### THE INPUT

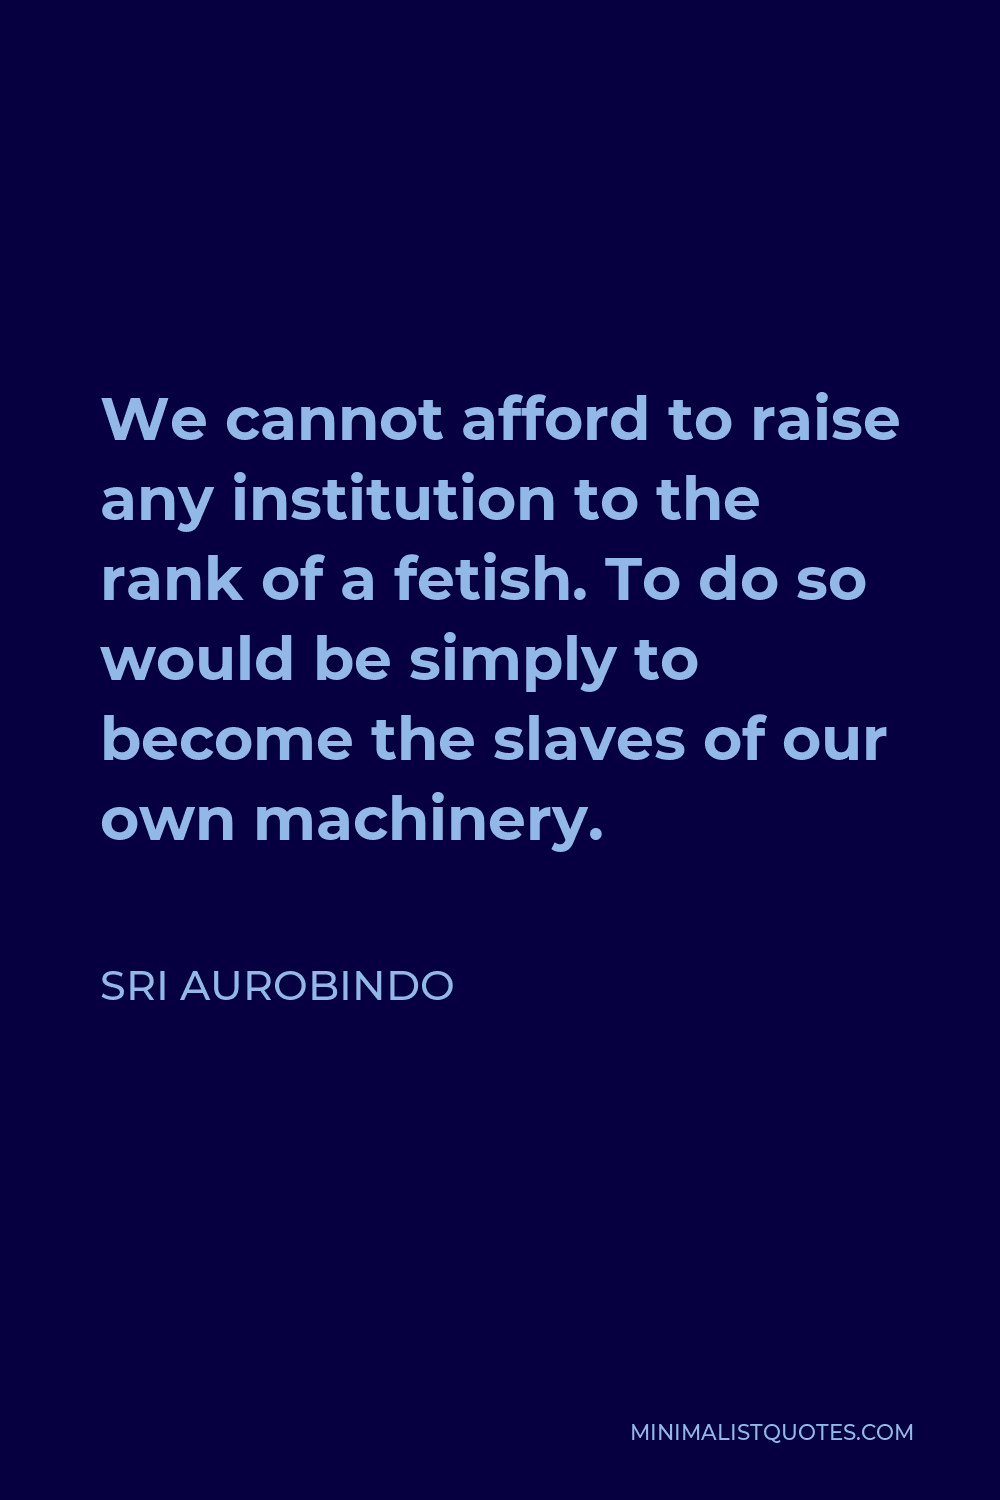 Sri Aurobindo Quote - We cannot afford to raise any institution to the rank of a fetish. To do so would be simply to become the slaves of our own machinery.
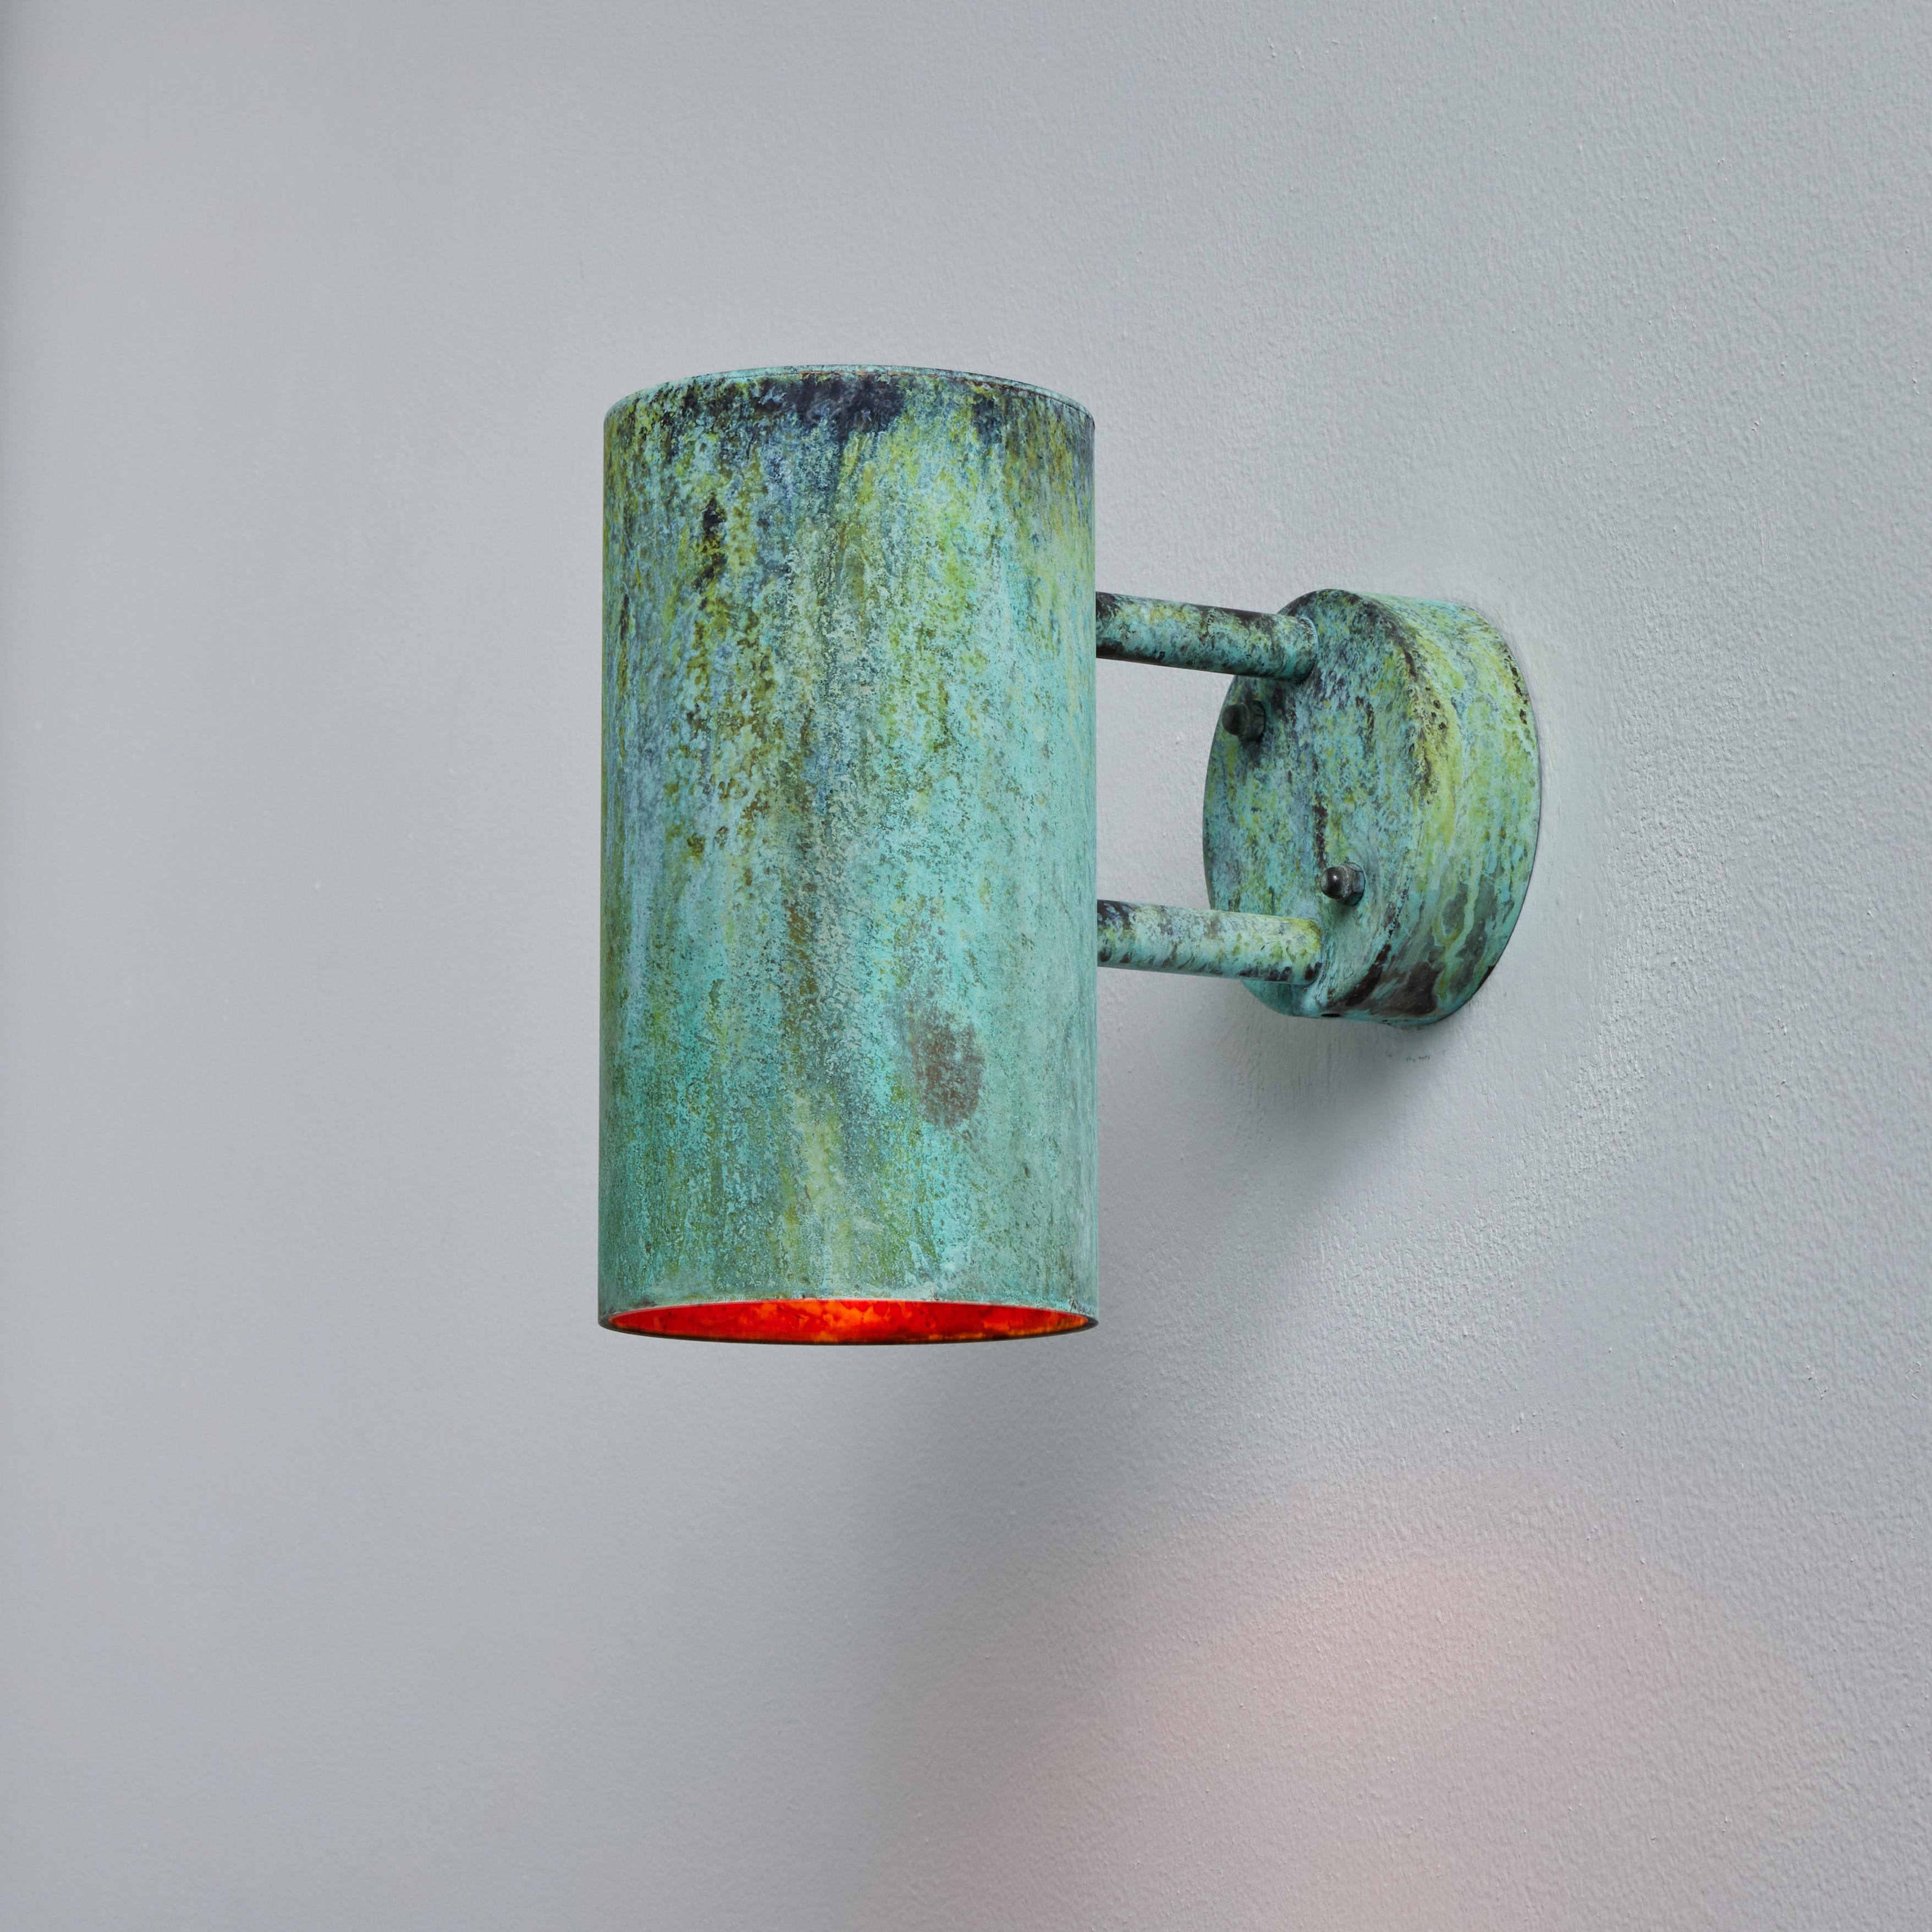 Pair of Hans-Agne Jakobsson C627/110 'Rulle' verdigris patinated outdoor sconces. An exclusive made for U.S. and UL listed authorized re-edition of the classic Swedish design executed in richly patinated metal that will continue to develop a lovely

######
### THE INPUT

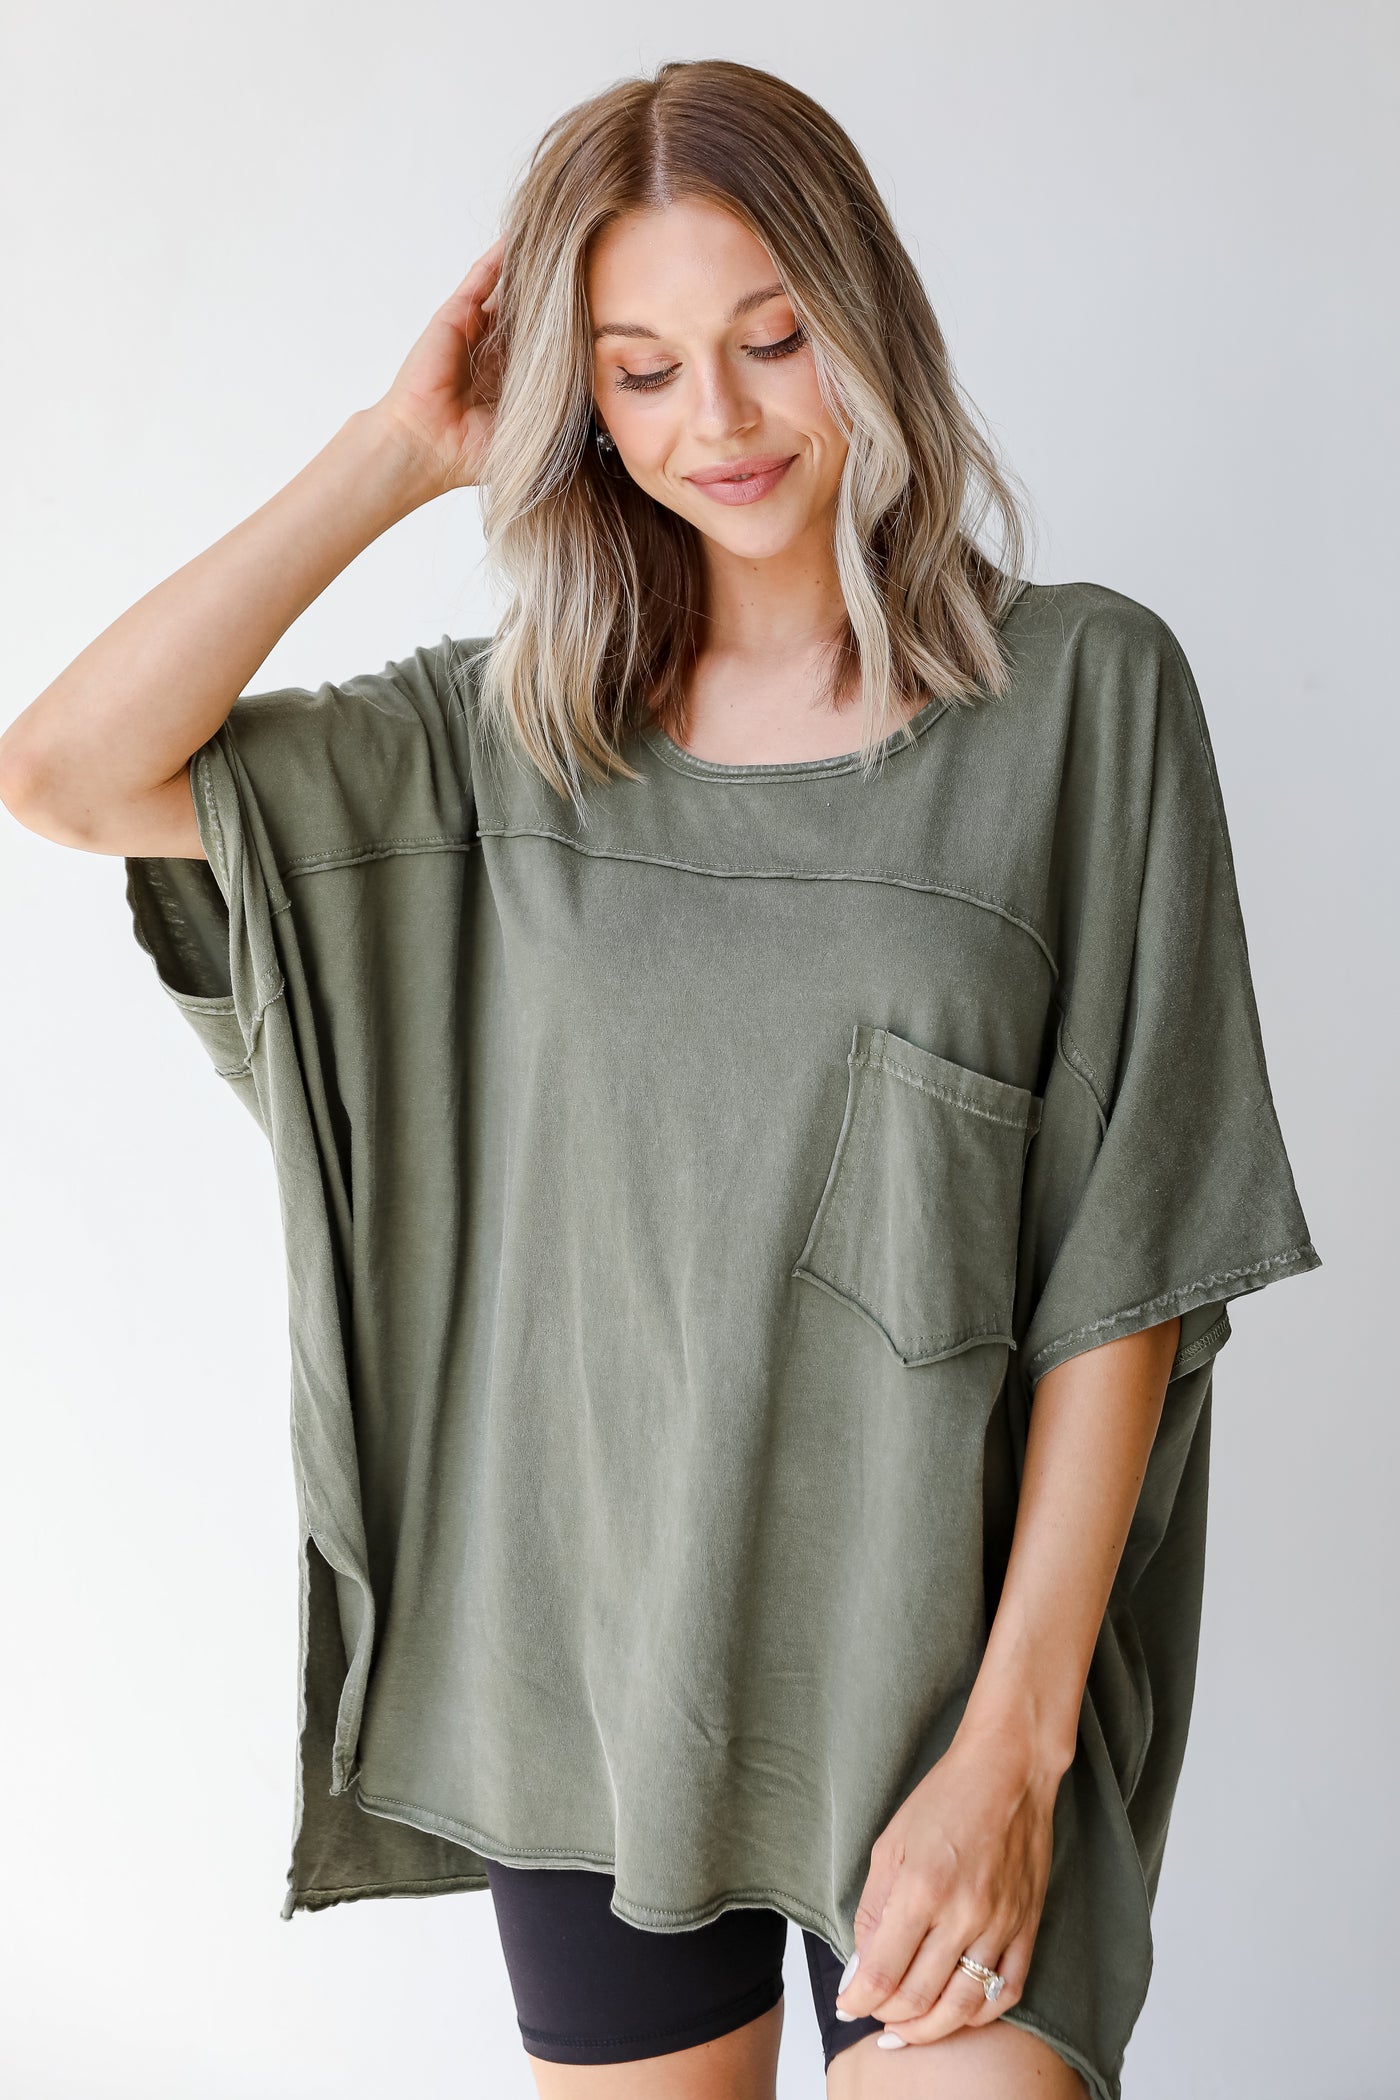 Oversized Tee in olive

######

- **YOUR INSTRUCTIONS**: Restate word for word the lines of the data above that begin at the line with "Sri Aurobindo Quote" and end at the line with "Pair of Hans-Agne", keeping both ends and dropping every picture.

- **TASK RESPONSE**:
 Sri Aurobindo Quote - We cannot afford to raise any institution to the rank of a fetish. To do so would be simply to become the slaves of our own machinery.
 Pair of Hans-Agne Jakobsson C627/110 'Rulle' verdigris patinated outdoor sconces. An exclusive made for U.S. and UL listed authorized re-edition of the classic Swedish design executed in richly patinated metal that will continue to develop a lovely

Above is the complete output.